St Dunstan's
Monuments
Robert
Clarke,
who died 1610 and Frances, his daughter have a memorial
at St Dunstans.
Elizabeth
Startute who died in
1620 has a monument in St Dunstan's church. Elizabeth was
the mother in law of Michael Merriall, a 1620 vestryman, who had her
memorial erected. The inscription reads:
'In memory of Elizabeth,
widow of Richard Startute, citizen and fishmonger of London, who had
issue by him of 3 sons and four daughters. After 16 years
spent with him remaining 34 years his widow: In Life and
Death a constant example of true vertue and sweetly slept
in the Lord, Dec. 5, 1620. Aetat. suae 74.'
Below this are the figures
of Michael and his wife and the inscription: 'Captain Michael Merriall & Clare, his wife, eldest
daughter of the abovenamed Elizabeth Startute, erected
this monument as a testimony of hir virtu & their
love. This life is a wareart. Lord Jesus, come quickly.
Rev. 20.

The
Merriall Monument
In 1756 the Detheck,
Startute and Merriall monuments and some others required
work to be done of them either to make repairs to part
that had fallen or to prevent further damage.

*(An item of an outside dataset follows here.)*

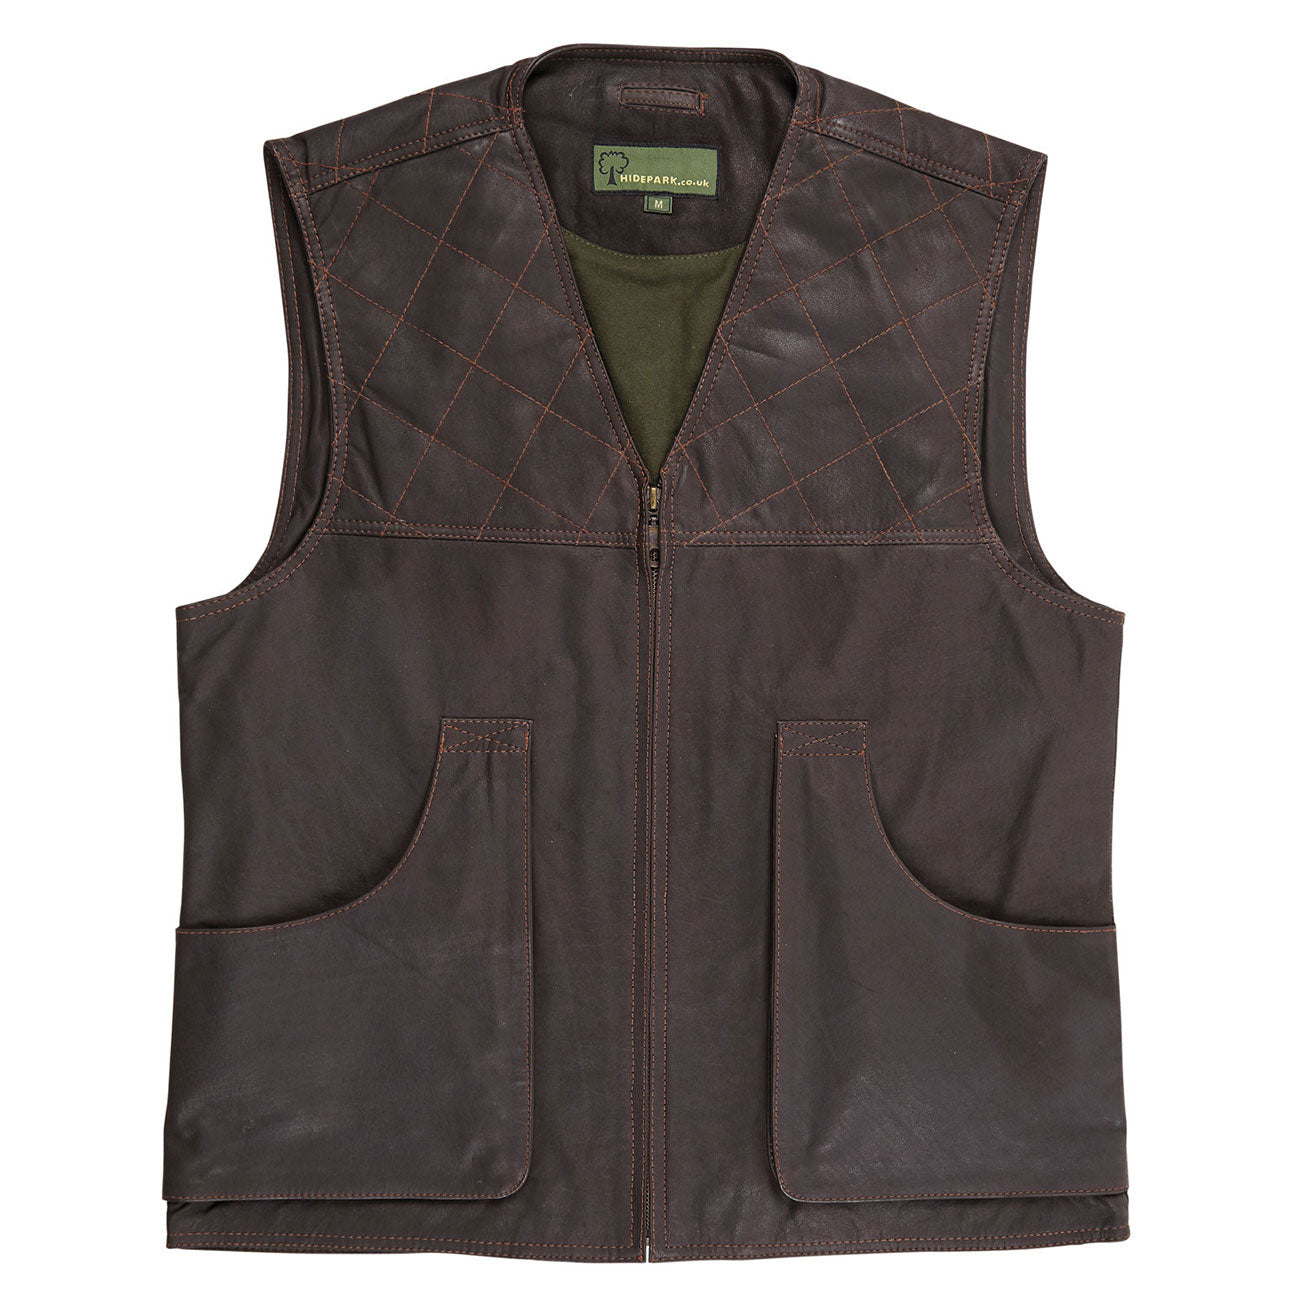 GO12: Men's Brown Leather Shooting Vest

A gravestone once stood in
St Dunstan's churchyard dated 1683 with the epitaph: 'Whoever
treadeth in this stone I pray you tread most neatly; For
underneath the same doth lie Your honest friend Will Wheatley.'
In The Spectator Richard
Steele some years later was to remark 'I have made a
discovery of a churchyard in which I believe you might
spend and afternoon with great pleasure to yourself and
to the public. It belongs to the church of Stebon Heath
commonly called Stepney. Whether or no it be that the
people of that parish have a particular genius for an
epitaph, or that there be some poet among them who
undertakes that work by the great, I cannot tell; but
there are more remarkable inscriptions in that place than
in any other I have met with.' Many of the
gravestones, alas, are now no longer in place.
Captain
Nathaniel Owen's young
wife died on 6 August 1685 aged 36 and she appears with
her husband and his second wife on a memorial stone
inside St Dunstan's church.
Amongst those buried here
are Admiral
Sir John Leake (1656-1720
- the reliever of Londonderry), Lady Jane Detheck,(1606) wife of Alexander Neville, John Berry (1689-90), and Benjamin Kenton (1800).